The St. Regis is trying to help in other ways. Fifty-eight percent of the staff is Maldivian, O’Sullivan said, well above the required 45 percent. And he is exploring ways to provide management training for the locals. “There’s not a single Maldivian general manager of an international brand in the Maldives,” he said. “There’s no reason why there can’t be.”
O’Sullivan also pointed out that the dive center isn’t just for scuba and catamaran trips. There is a staff marine biologist, and she and her colleagues are working to catalog the unexplored marine life of the atoll. They’re also building frames for coral farming, which guests will help plant. Bleaching is a problem, but there’s still plenty to see. I snorkeled with schools of blue surgeonfish, snappers, and oriental sweetlips. I saw two reef sharks and a couple of sea turtles. One of the divers said they’d been on a boat recently to look for dolphins and were surprised to see orcas instead.
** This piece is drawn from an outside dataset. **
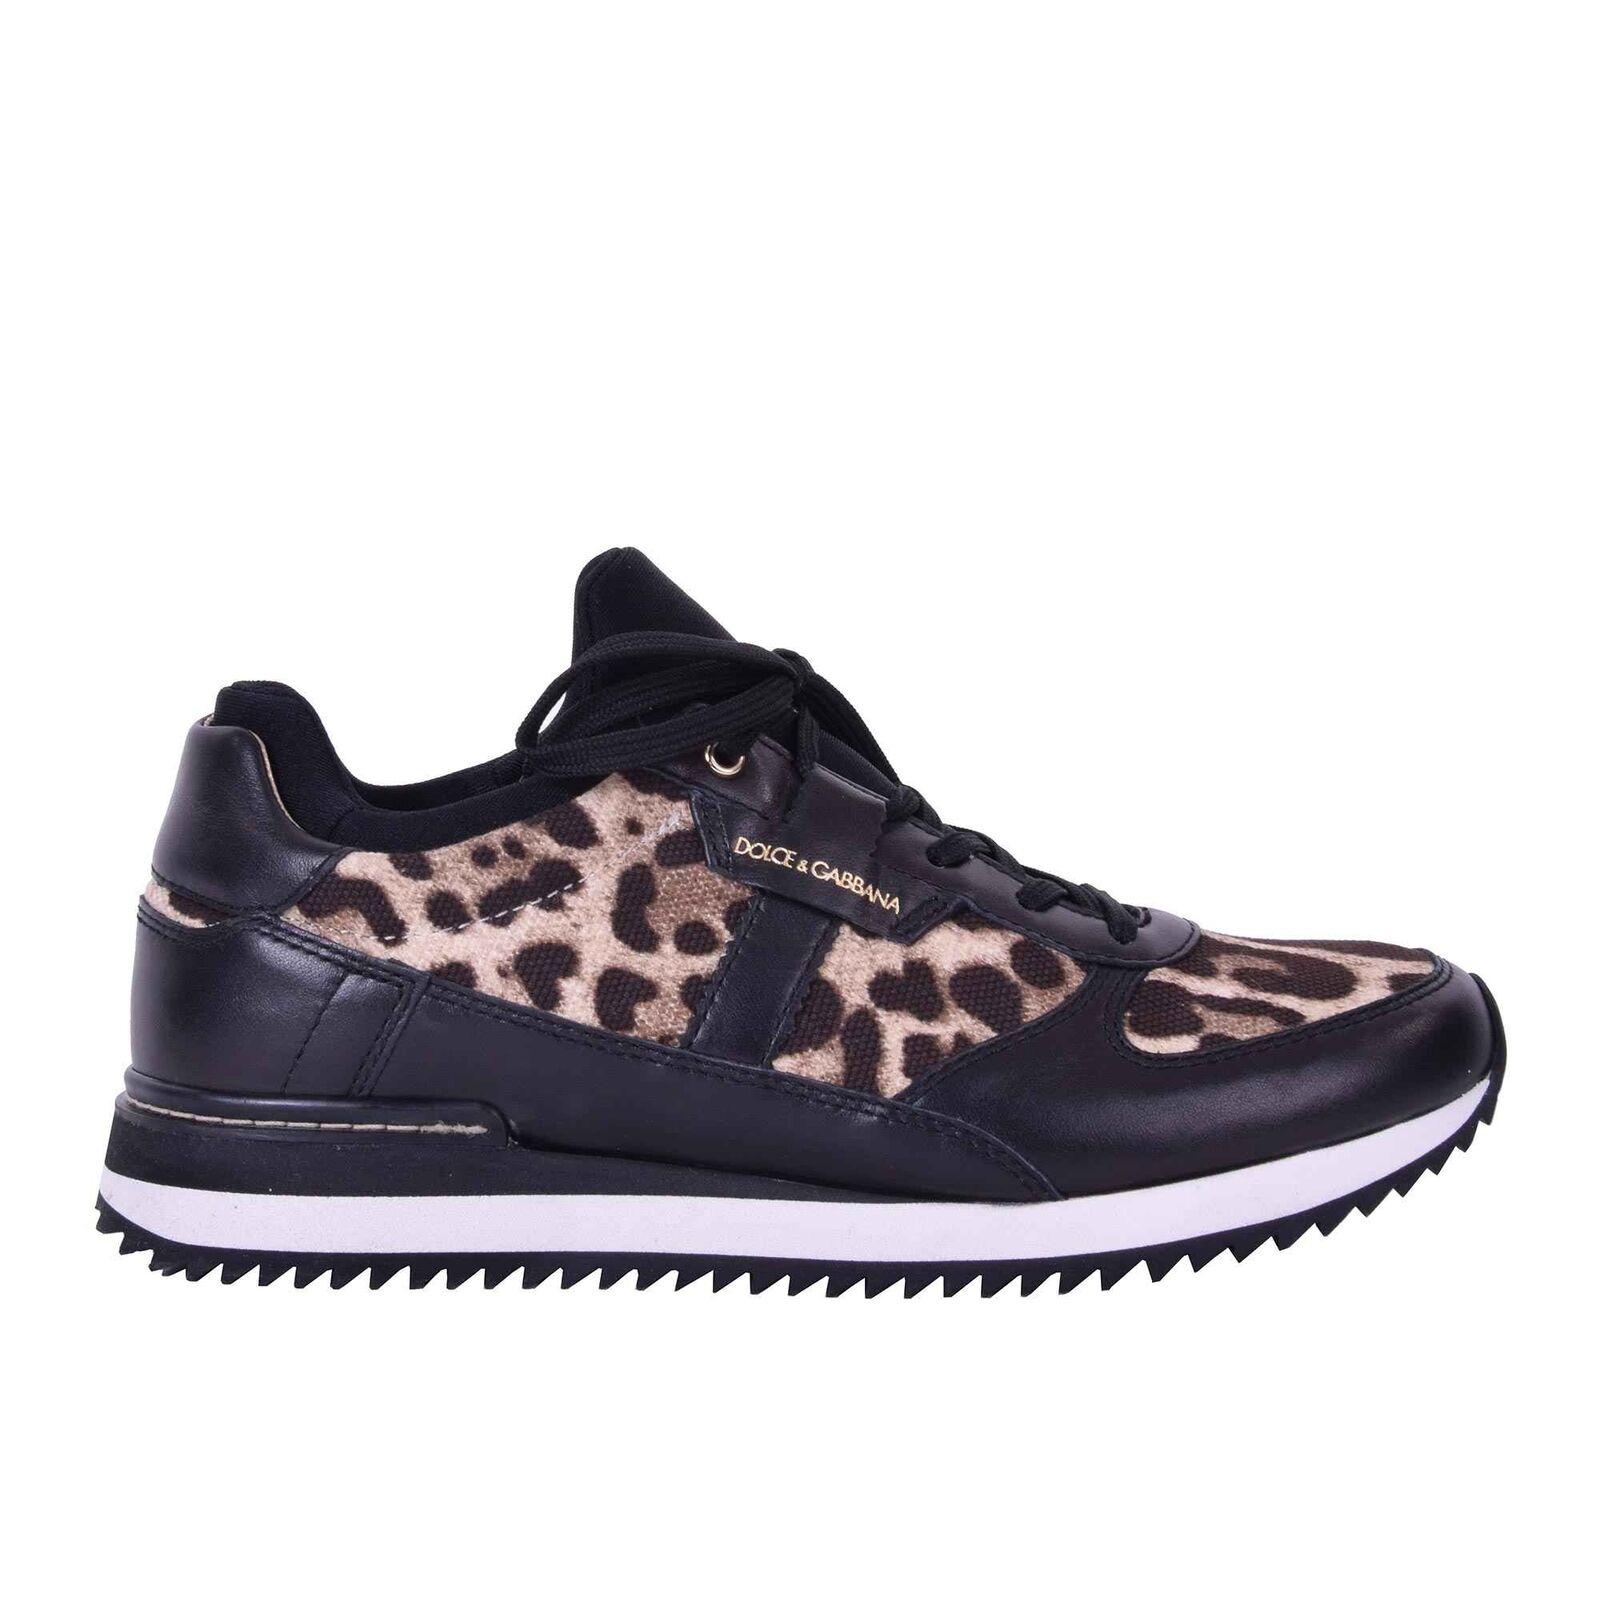 Dolce & Nigeria GABBANA Sneakers Donna Scarpe Sneaker Nigeria & Leopard Nero 05921 606aab

I got up early my last morning to see the sunrise, and as I walked from my villa, the air was thick with sea spray and tropical blossoms. I sat on the beach, watching the sun come up, and eventually a young man in a St. Regis uniform strolled by. He stopped to talk. He was a landscaper and had grown up on a nearby island. He spoke of how hot it had been last summer. “My skin turned so black. There was so much bleaching on the reef—it went all white.” I asked if he was worried about sea-level rise, about his country sinking into the ocean.
“No, we have to worry about erosion here and there—but we have to live with it,” he said. “It’s natural.”